Dean,

These points have all been covered before. Once more, then, for the
road.

On 28-Jun-2006, at 16:57, Dean Anderson wrote:

> On Wed, 28 Jun 2006, Sam Hartman wrote:
>
>> Dean> The -02 draft did not complete WGLC. A new draft was
>> Dean> issued.
>>
>> It's often the case that a WG will decide that the result of a WG LC
>> is that minor changes are required and that a new draft will be
>> issued
>> but that no new LC is required.
>
> I agree this can happen. This was the case with the NSID draft, which
> also contained errors resulting from confusion and moving too fast.
> But that wasn't the case for the draft-ietf-grow-anycast-02 document.

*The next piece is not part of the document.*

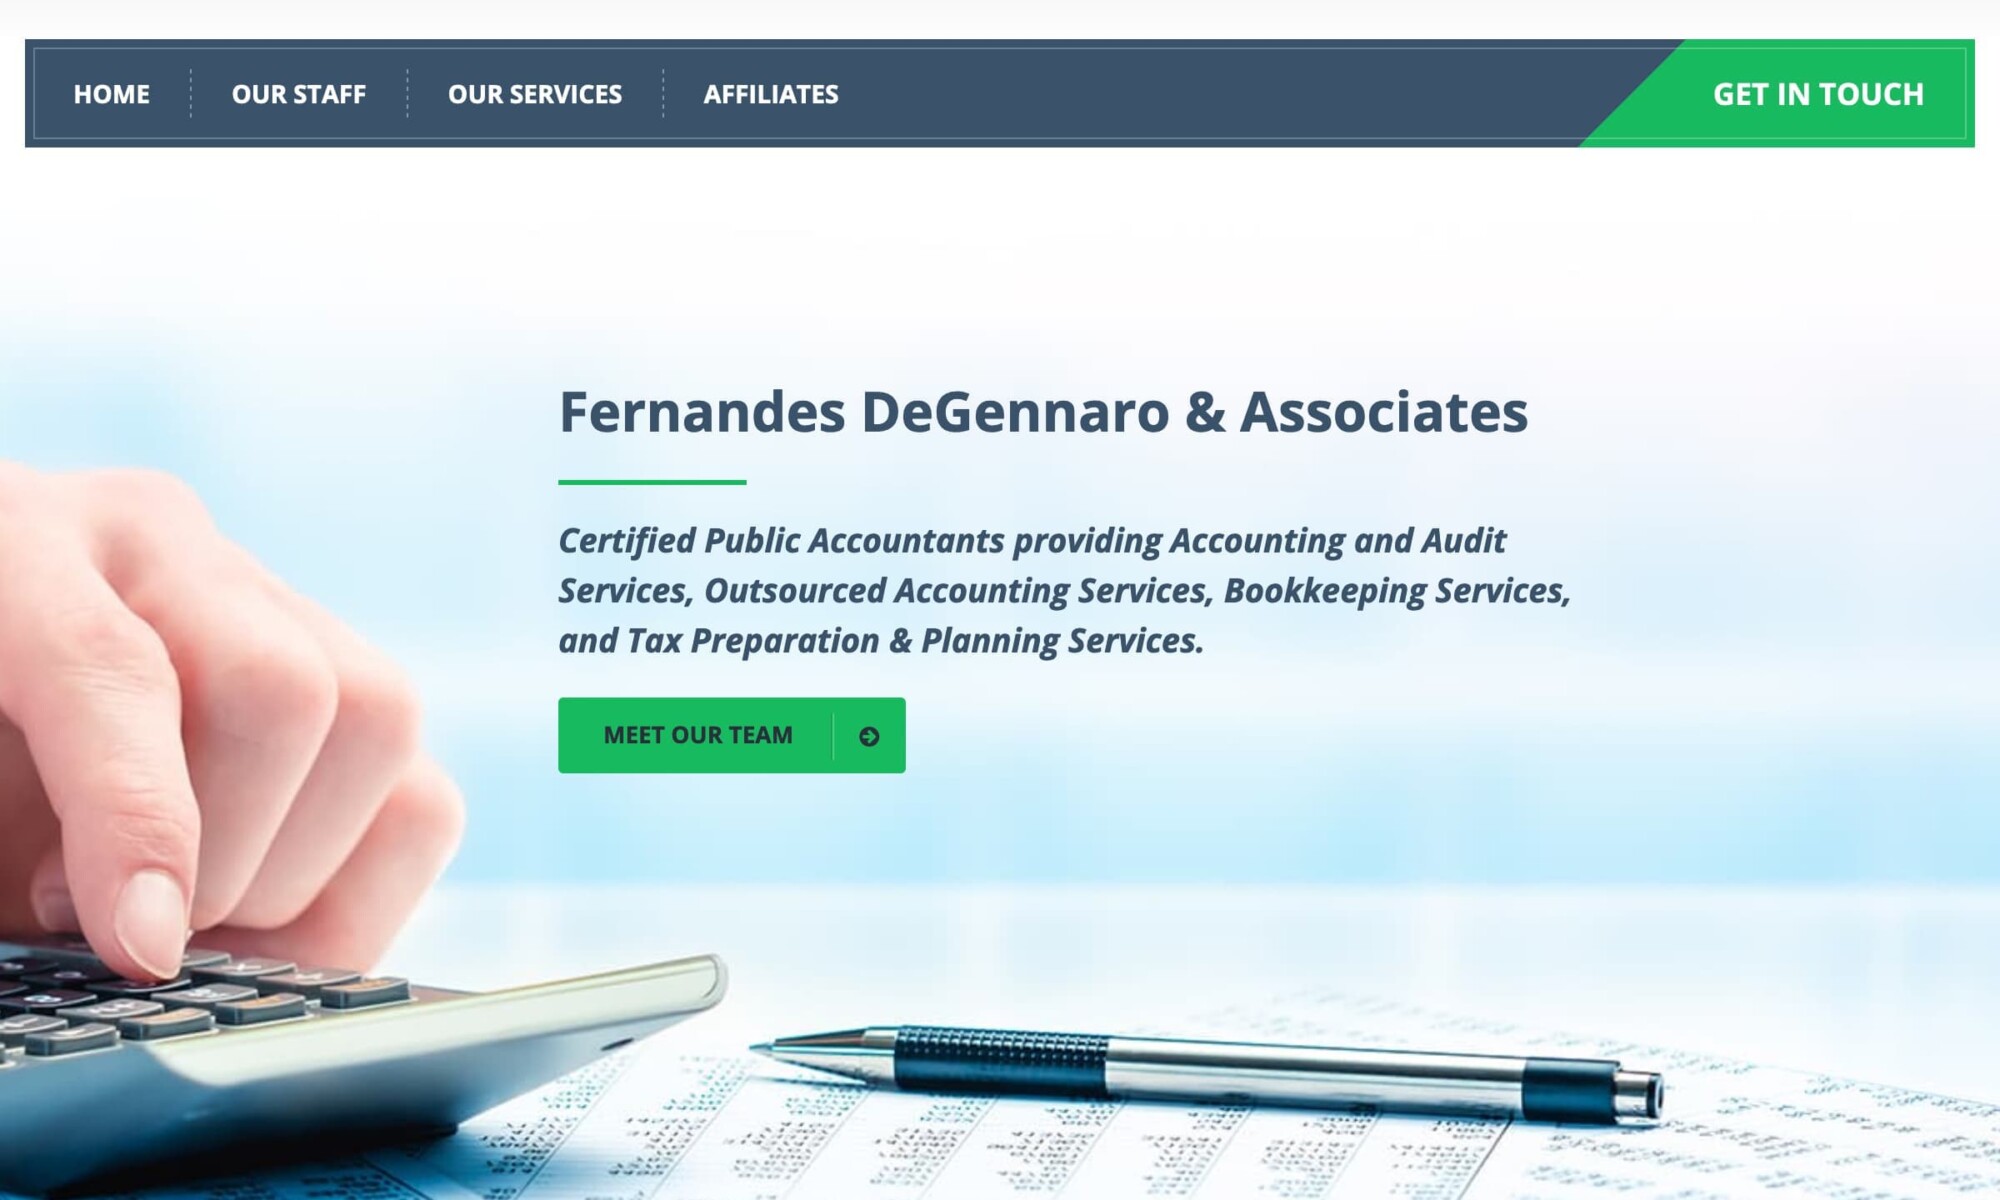 Fernandes DeGennaro & Associates

In fact, it was. Your statement is incorrect. There are more details
below.

> In that case, the Last Call issued in November by Geoff Huston also
> indicated that there were no comments requiring a new draft. This was
> wrong.

The last time you voiced this opinion, the grow chair replied:

http://darkwing.uoregon.edu/~llynch/grow/msg00461.html

After the WGLC had been concluded, Geoff forwarded the document to
David Kessens as AD requesting that the document be published. David
Kessens contacted the authors of the drafts with a list of
typographic, spelling and wordsmithing complaints. We fixed those and
resubmitted it as -03, as requested by David.

A unified diff between -02 and -03 is included below.

> A new draft was then issued.

-03 was forwarded to the IESG for publication as BCP, and was
subsequently subject to Secdir and Gen-ART review. Those reviews
resulted in changes which were greater in extent than the simple typo/
spelling/wordsmithing corrections from -02 to -03. Those changes were
incorporated into what will one day hopefully be called -04, the
current text of which has been sent to the grow list as -pre04.

The IESG issued a last call on -03 and as far as I know they received
no comments on the draft apart from yours.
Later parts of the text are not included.